Humanities: Why? Because it's fun and pleasurable. Utility? Seems beside the point to me, but I'm not as well read as all y'all are here in Conrad's comments-kitchen.


achilles3 said...

As a 29 year old goof ball educator I'll start by saying that I feel compeled to comment for two main reasons:
1. I have thought of this notion as well.
2. I haven't the reading experience (subject wise) to drop any names and I thought I would humor you.

As a veteren English teacher (public high school mostly) I have a real passion for the humanaties. I love to read and write.
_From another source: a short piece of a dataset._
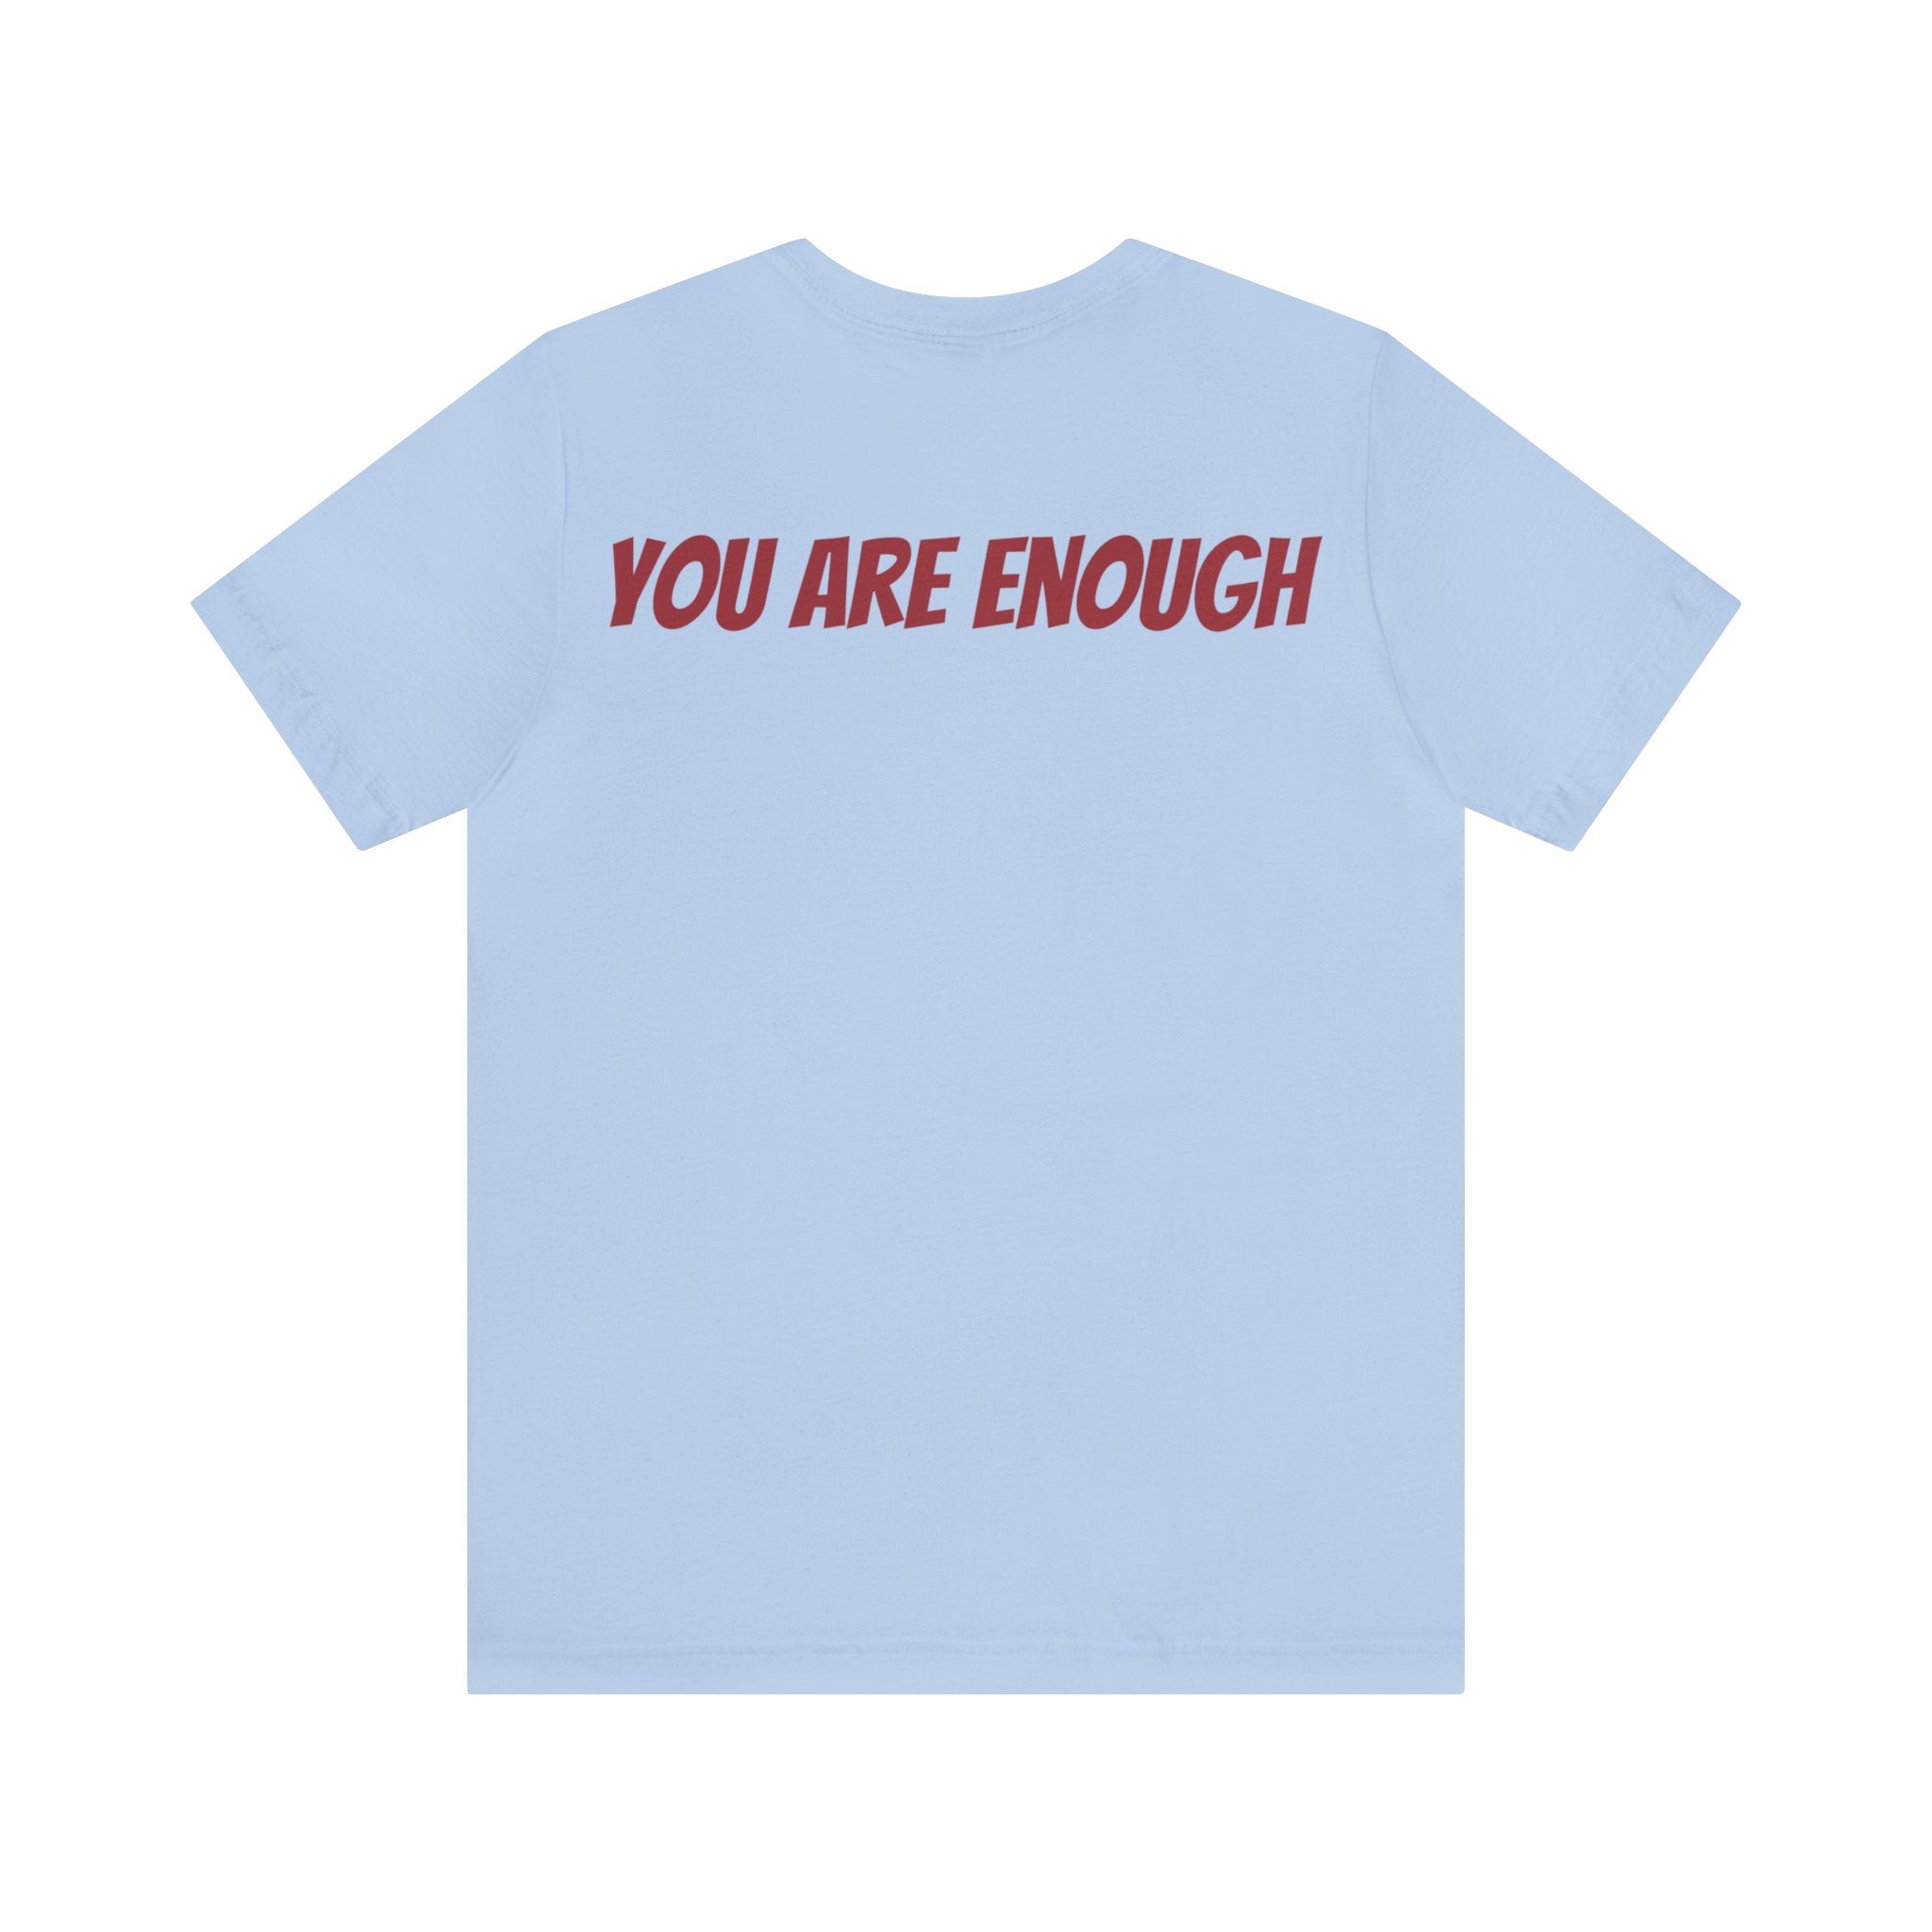 You Are Enough Short Sleeve Tee Bella+Canvas 3001 Heather Mauve Airlume Cotton Bella+Canvas 3001 Crew Neckline Jersey Short Sleeve Lightweight Fabric Mental Health Support Retail Fit Tear-away Label Tee Unisex Tee T-Shirt 2425587111042823093_2048 Printify

Period.

BUT what is starting to annoy the shit out of me is that many middle of the road (or just plain crappy)teachers take the assumed "play" inhearant in the humanaties as license to just say "Well this is how I do it and since there is no right or wrong way please allow me to do "it" this really stupid way"
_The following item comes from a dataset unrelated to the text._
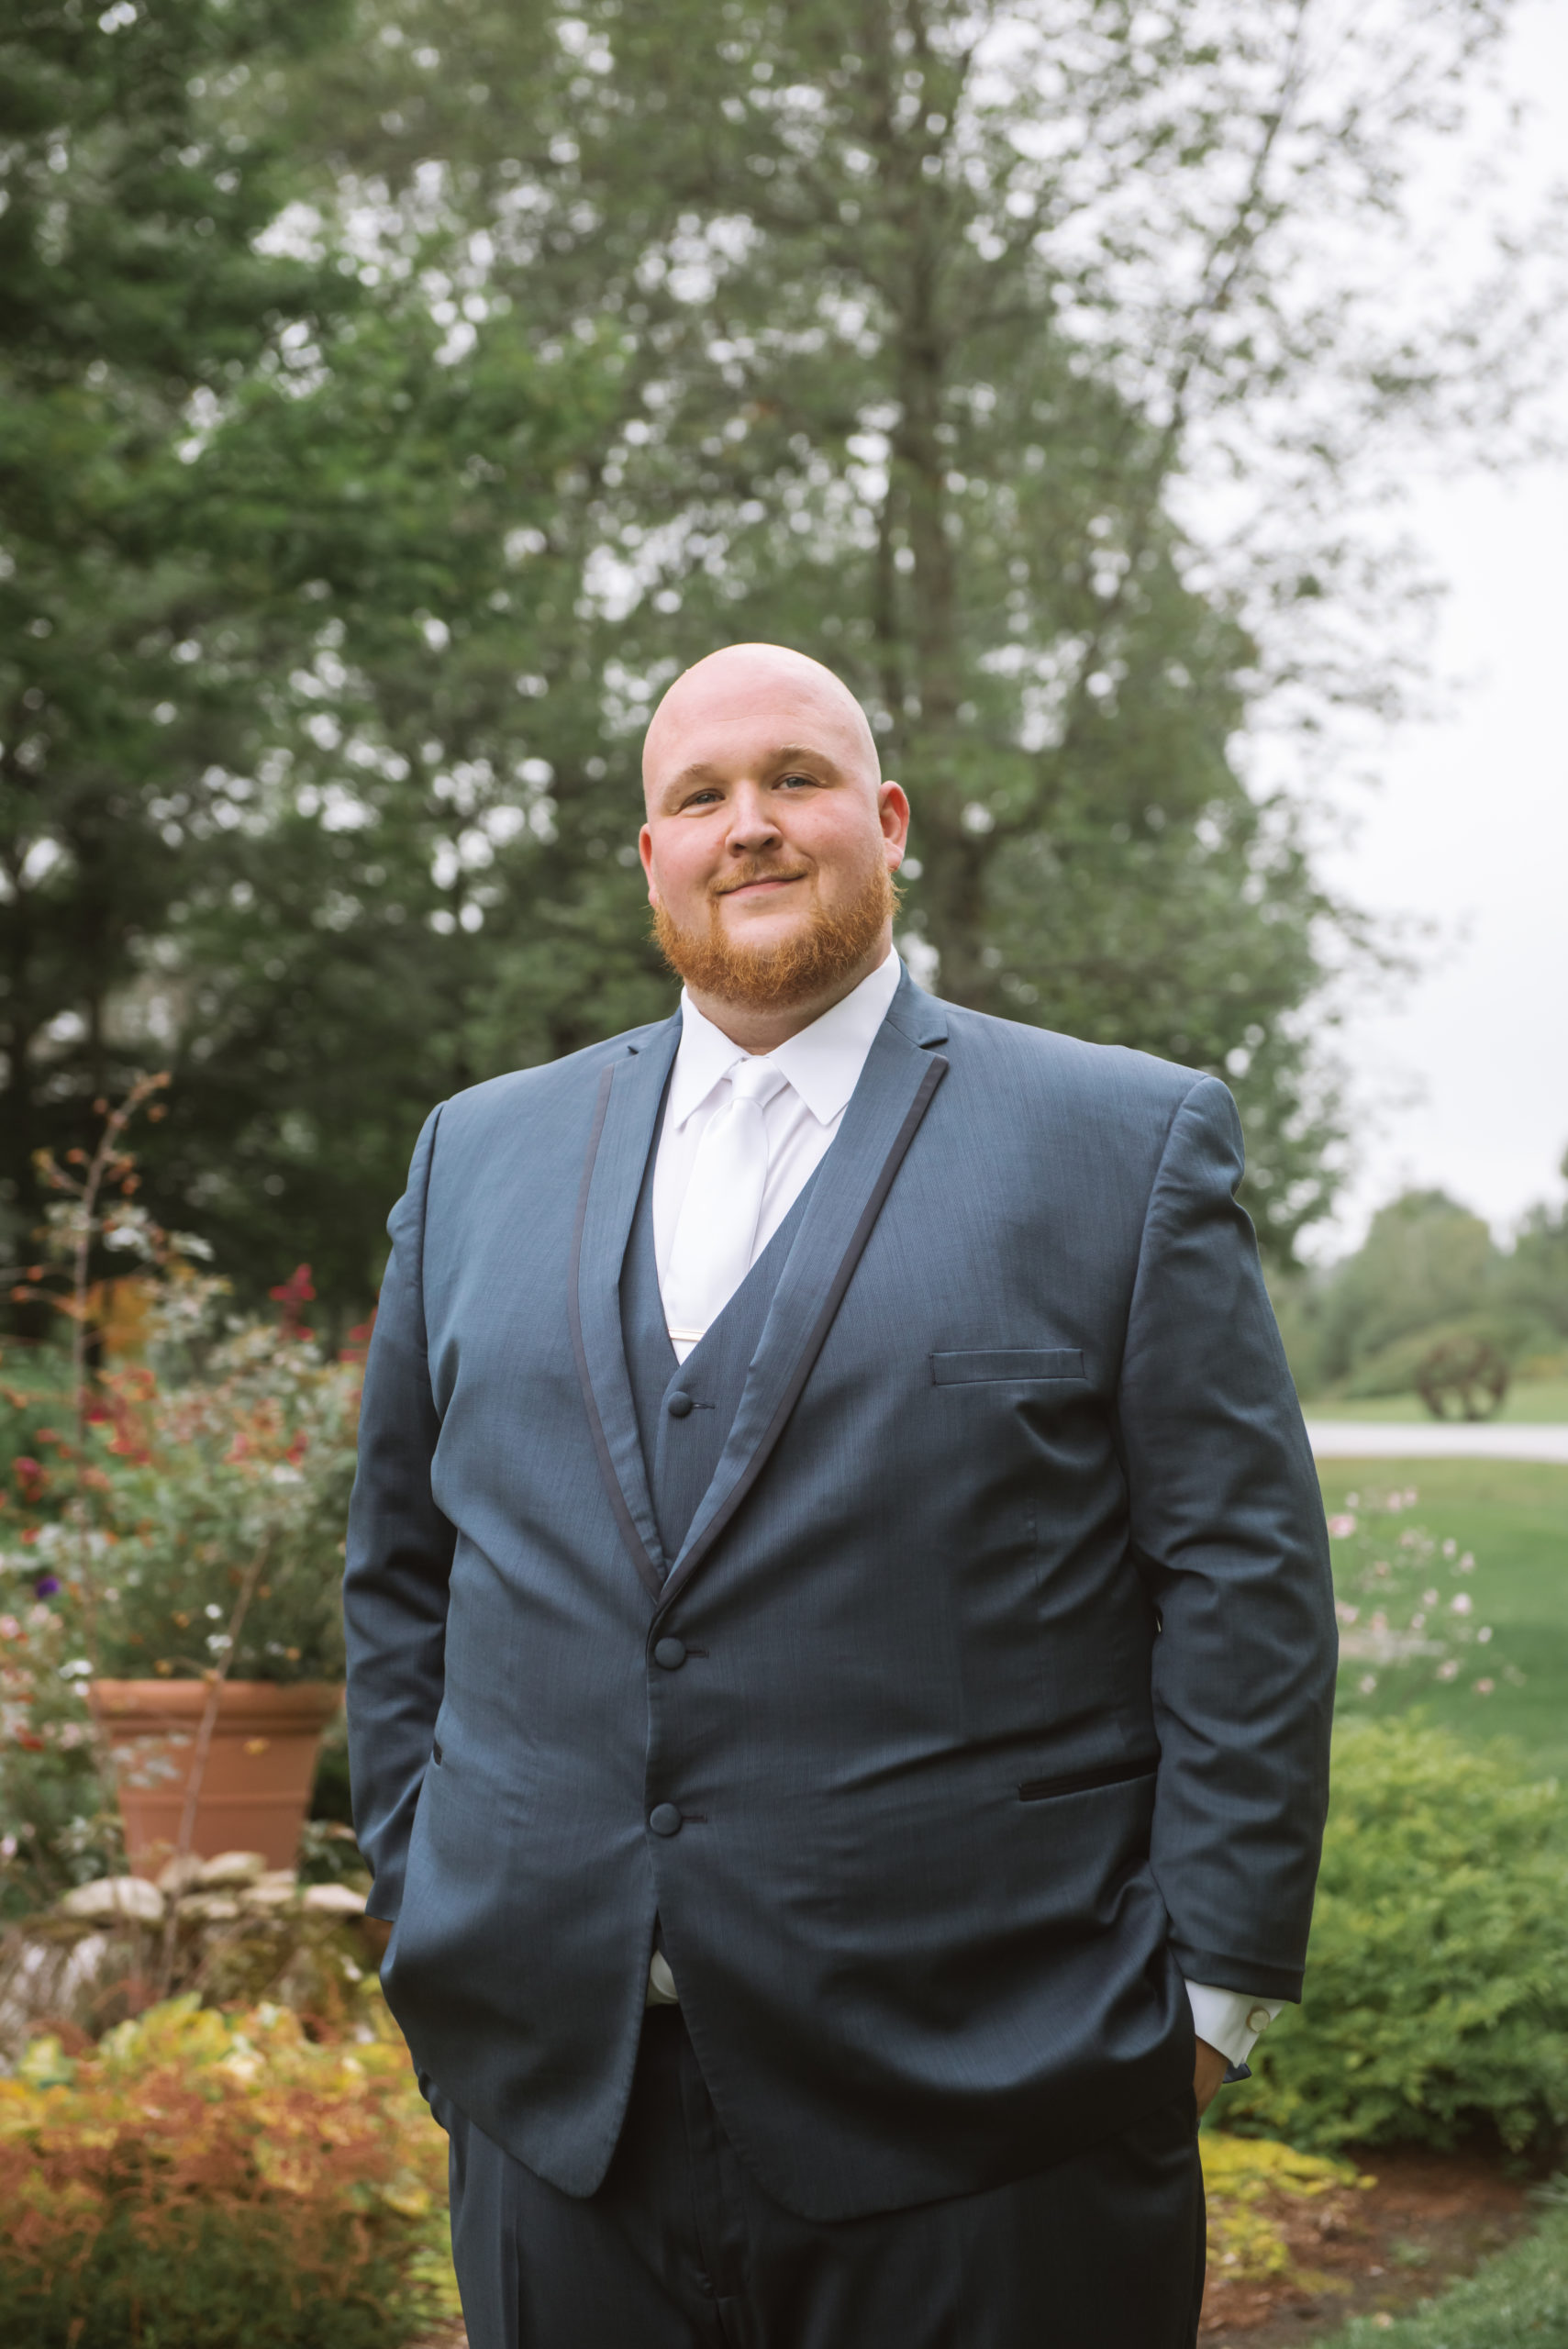 Torso portrait of the groom standing in a garden facing the camera and looking directly at the camera. He has a soft smile on his face. He is wearing a blue suit with a white tie. Both of his hands are in his pockets.

They think (or at least they pretend for their own ends) that there exist no "better (or best) ways/processes"...that there are just ways and they are all equal. Again I'm speaking about a certain college educated group who isn't reading (much less writing) blogs (or comments) like these.

This huge job-having college degree holding "middle" is uninterested in 99% of this conversation and I find that, in using the two groups we are talking about (roughly the humanists and the scientists)that far and away it's the "middle" humanists that grate on my nerves to hear in discussion.
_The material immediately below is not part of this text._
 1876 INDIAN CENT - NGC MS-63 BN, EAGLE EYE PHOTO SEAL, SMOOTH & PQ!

These people know just enough to seem a part of the conversation but are not interested enough in actually reading (or REALLY listening) to become, genuinely, a solid part.

There are holes in my set up but its 5:49 AM in Seoul, Korea (where I teach ESL @ a small University) and i'm passing out so I'll make a quick assertion.

I teach English and love to read and write but the older I get the more I feel like a math and science guy because at least they have rules and ubderstood foundations that even the "middle" crowd respects.

sry abt da spelin 2

peace & keep up the goodwork:-)

M.W. Nolden said...

Ha! I've just won a bet. I knew you'd hit 40 comments on this one.

Conrad H. Roth said...

MW: How much did you win?

Lori and achilles3, thanks.

"Humanities: Why? Because it's fun and pleasurable. Utility? Seems beside the point to me, but I'm not..."

... but you're not an academic. Amateurs (in the good sense), as I said to Xensen and Chris, have it easy. No anxiety.

M.W. Nolden said...

You, in particular, will love this.
A bottle of tequila.
In fact, fairly good tequila.

Conrad H. Roth said...

Wow! And who said the humanities were good for nothing?

Anonymous said...

I like to do this occasionally too, strike up an argument out of boredom, especially of this sort! I would have argued that if humans had no desire for the arts and humanities, oh what an efficient world we would live in. If creative genius was transfered to technical genius, we would be generation ahead of ourselves now.